I have used Solve to find the solution of an equation in Mathematica (The reason I am posting here is that no one could answer my question in mathematica stack.)The solution is called s and it is a function of two variables called v and ro. I want to find imaginary and real part of s and I want to use the information that v and ro are real and they are in the below interval:
$ 0.02 < ro < 1 , 40
The code I used is as below:
ClearAll["Global`*"]
d = 1; l = 100; k = 0.001; kk = 0.001;ke = 0.0014;dd = 0.5 ; dr = 0.06; dc = 1000; p = Sqrt[8 (ro l /2 - 1)]/l^2;
m = (4 dr + ke^2 (d + dd)/2) (-k^2 + kk^2) (1 - l ro/2) (d - dd)/4 -
I v p k l (4 dr + ke^2 (d + dd)/2)/4 - v^2 ke^2/4 + I v k dr l p/4;
xr = 0.06/n;
tr = d/n;
dp = (x (v I kk/2 (4 dr + ke^2 (d + dd)/2) - I v kk ke^2 (d - dd)/8 - dr l p k kk (d - dd)/4) + y ((xr I kk (ro - 1/l) (4 dr + ke^2 (d + dd)/2)) - I v kk tr ke^2 (1/l - ro/2) + I dr xr 4 kk (1/l - ro/2)))/m;
a = -I v k dp/4 - I xr y kk p/2 + l ke^2 dp p (d + dd)/8 + (-d + dd)/4 k kk x + dr l p dp;
aa = -v I kk dp/4 + xr I y k p/2 - tr y ke^2 (1/l - ro/2) - (d - dd) x kk^2/4 + ke^2 x (d - dd)/8;
ca = CoefficientArrays[{x (s + ke^2 (d + dd)/2) +
dp (v I kk - l (d - dd) k p kk/2) + y (tr ro ke^2) - (d -
dd) ((-kk^2 + k^2) aa - 2 k kk a)/(4 dr + ke^2 (d + dd)/2) == 0, y (s + dc ke^2) + n x == 0}, {x, y}];
mat = Normal[ca];
matt = Last@mat;
sha = Solve[Det[matt] == 0, s];
shaa = Assuming[v < 100 && v > 40 && ro < 1 && ro > 0.03,Simplify[%]];
reals = Re[shaa];
ims = Im[shaa];
Solve[reals == 0, ro]
but it gives no answer. Could anyone help? I really appreciate any solution to this problem.
I run your code down to this point
mat = Normal[ca]
and look at the result.
There are lots of very tiny floating point coefficients, so small that I suspect most of them are just floating point noise now.

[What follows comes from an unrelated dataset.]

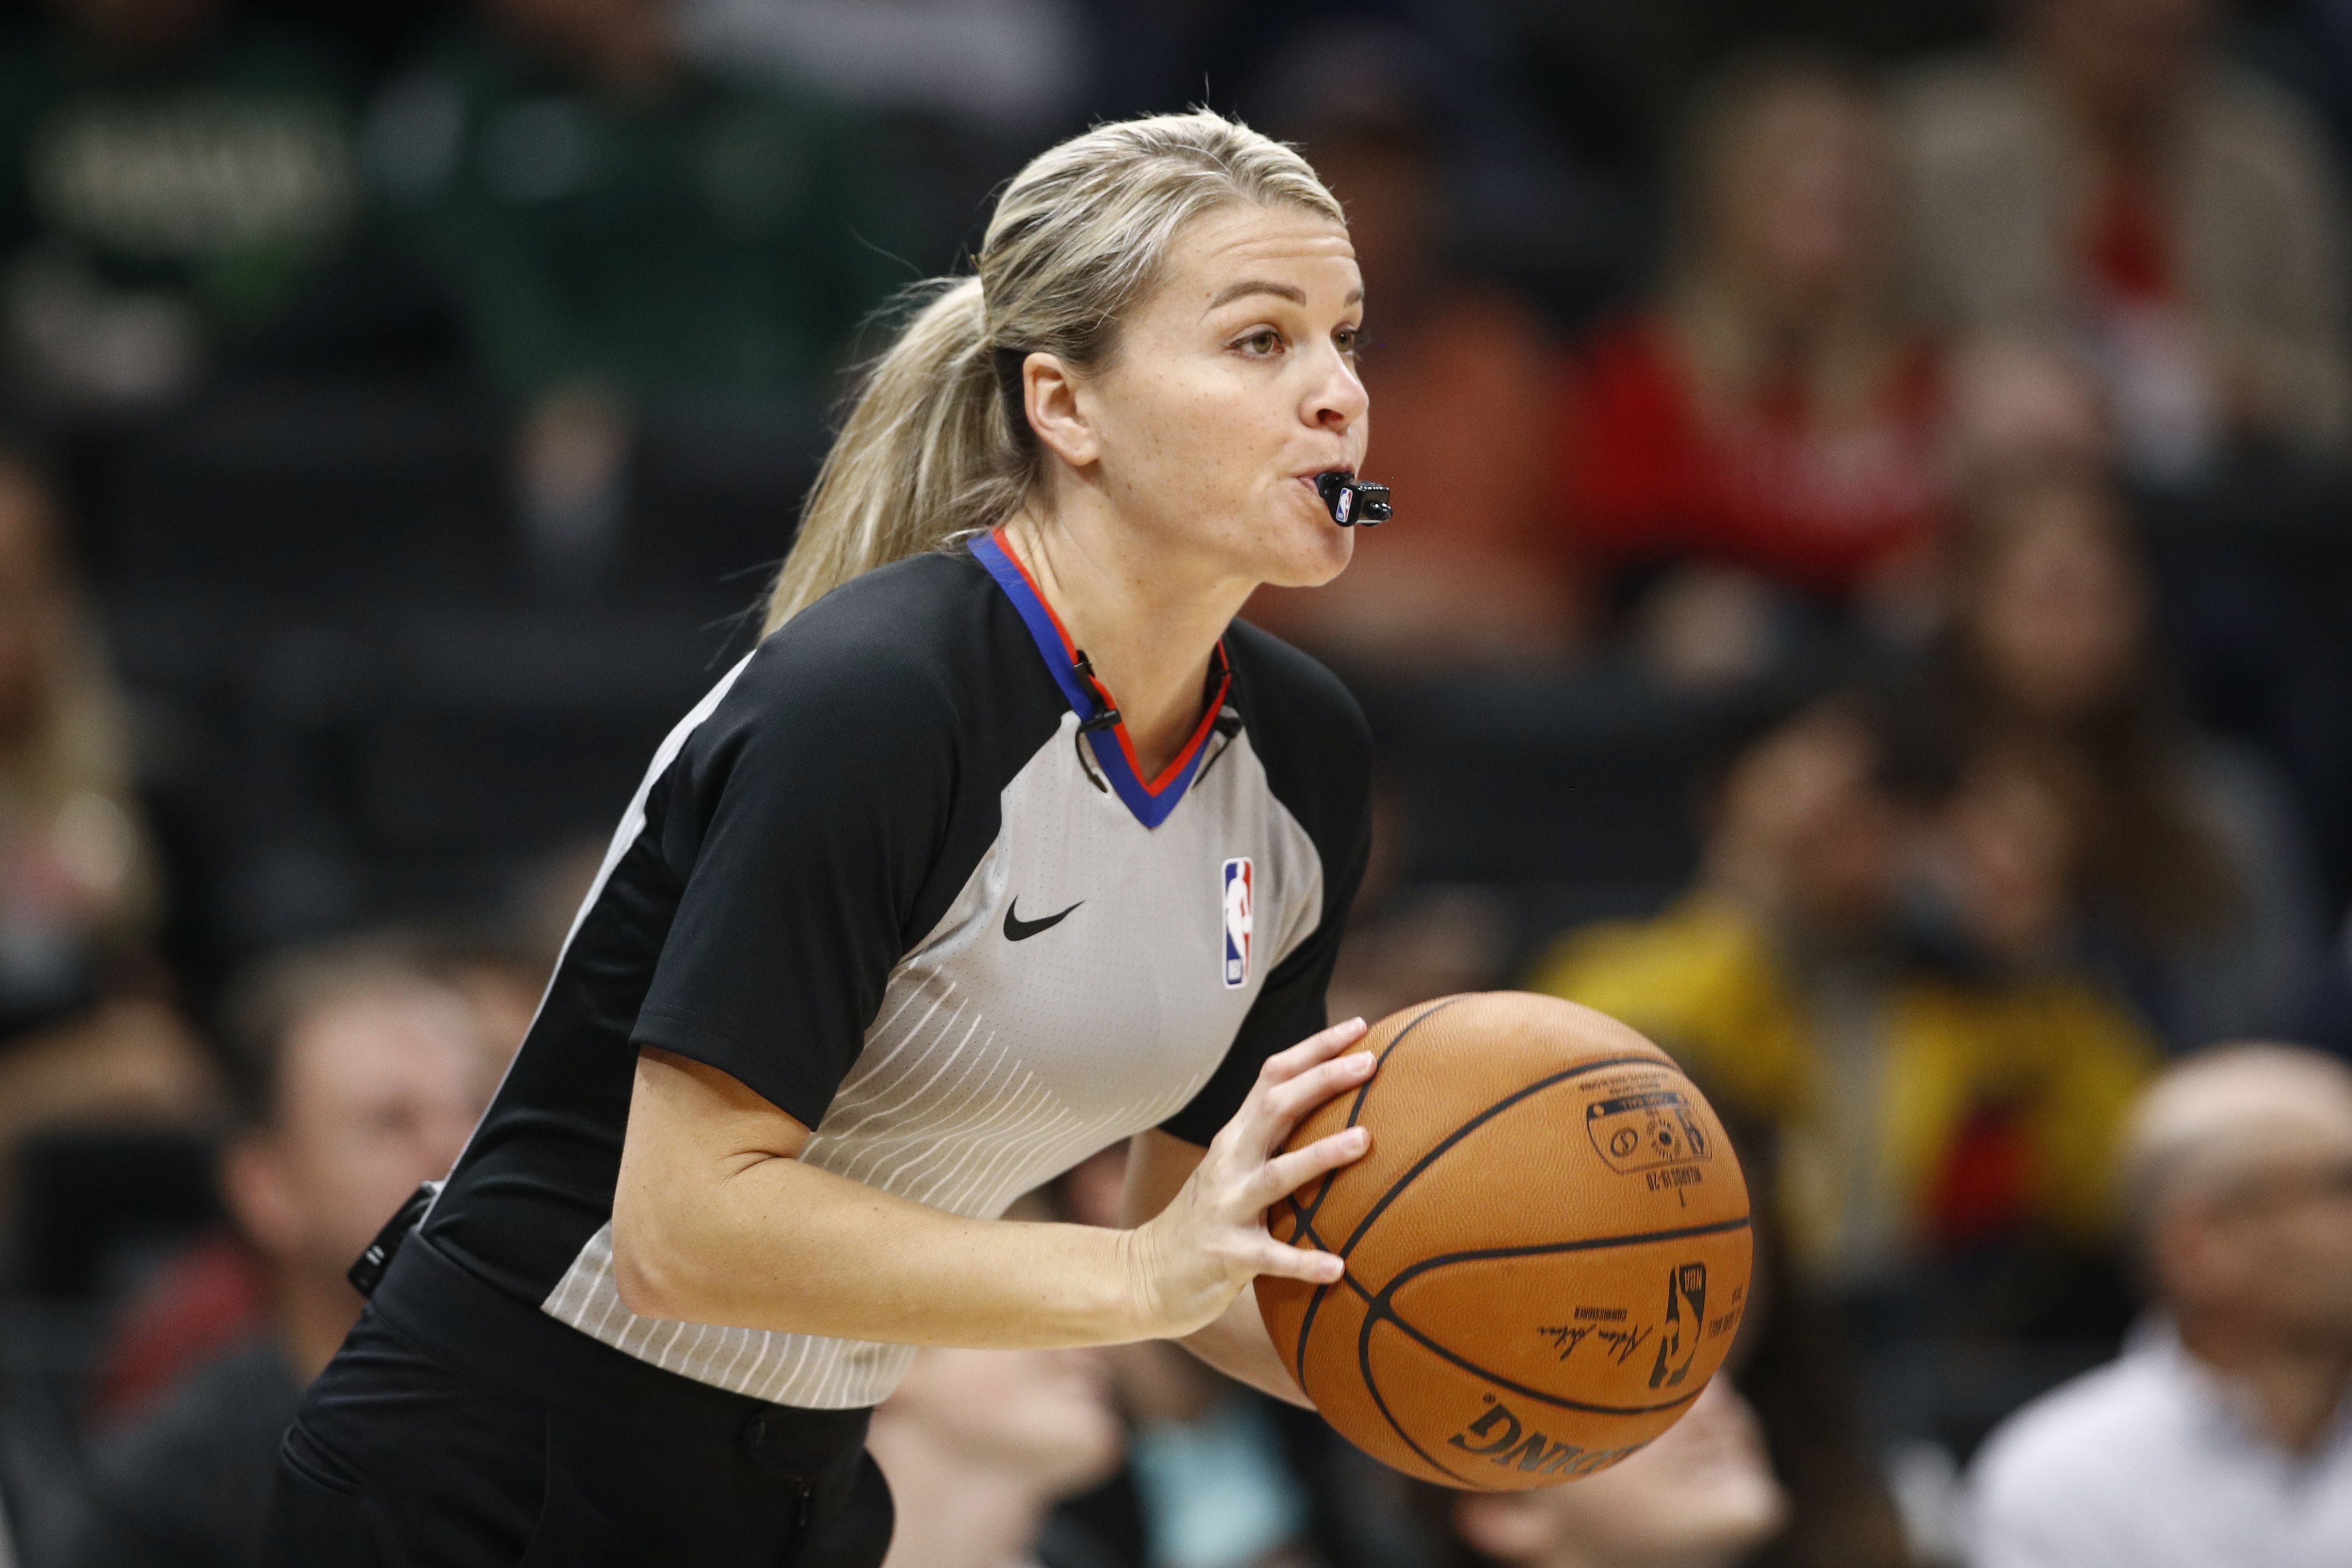 Female referees in the NBA

Mathematica thinks 0.1 is only known to 1 significant digit of precision and your mat result is perhaps nothing more than zero correct digits now.
I continue down to this point
sha = Solve[Det[matt] == 0, s]
If you look at the value of sha you will see it is s->stuff and I don't think that is at all what you think it is. Mathematica returns "rules" from Solve, not just expressions.
If I change that line to
sha = s/.Solve[Det[matt] == 0, s]
then I am guessing that is closer to what you are imagining you want.
I continue to
shaa = Assuming[40<v<100 && .03<ro<1, Simplify[sha]];
reals = Re[shaa]
And I instead use, because you are assuming v and ro to be Real and because ComplexExpand has often been very helpful in getting Re to provide desired results,
reals=Re[ComplexExpand[shaa]]
and I click on Show ALL to see the full expanded value of that. That is about 32 large screens full of your expression.
In that are hundreds of
Arg[-1. + 50. ro]
and if I understand your intention I believe all those simplify to 0. If that is correct then
reals=reals/.Arg[-1. + 50. ro]->0
reduces the size of reals down to about 20 large screen fulls.
But there are still hundreds of examples of Sqrt[(-1.+50. ro)^2] and ((-1.+50. ro)^2)^(1/4) making up your reals. Unfortunately I'm expecting your enormous expression is too large and will take too long for Simplify with assumptions to be able to be practically effective.
Perhaps additional replacements to coax it into dramatically simplifying your reals without making any mistakes about Real versus Complex, but you have to be extremely careful with such things because it is very common for users to make mistakes when dealing with complex numbers and roots and powers and functions and end up with an incorrect result, might get your problem down to the point where it might be feasible for
Solve[reals == 0, ro]
to give you a meaningful answer.
This should give you some ideas of what you need to think carefully about and work on.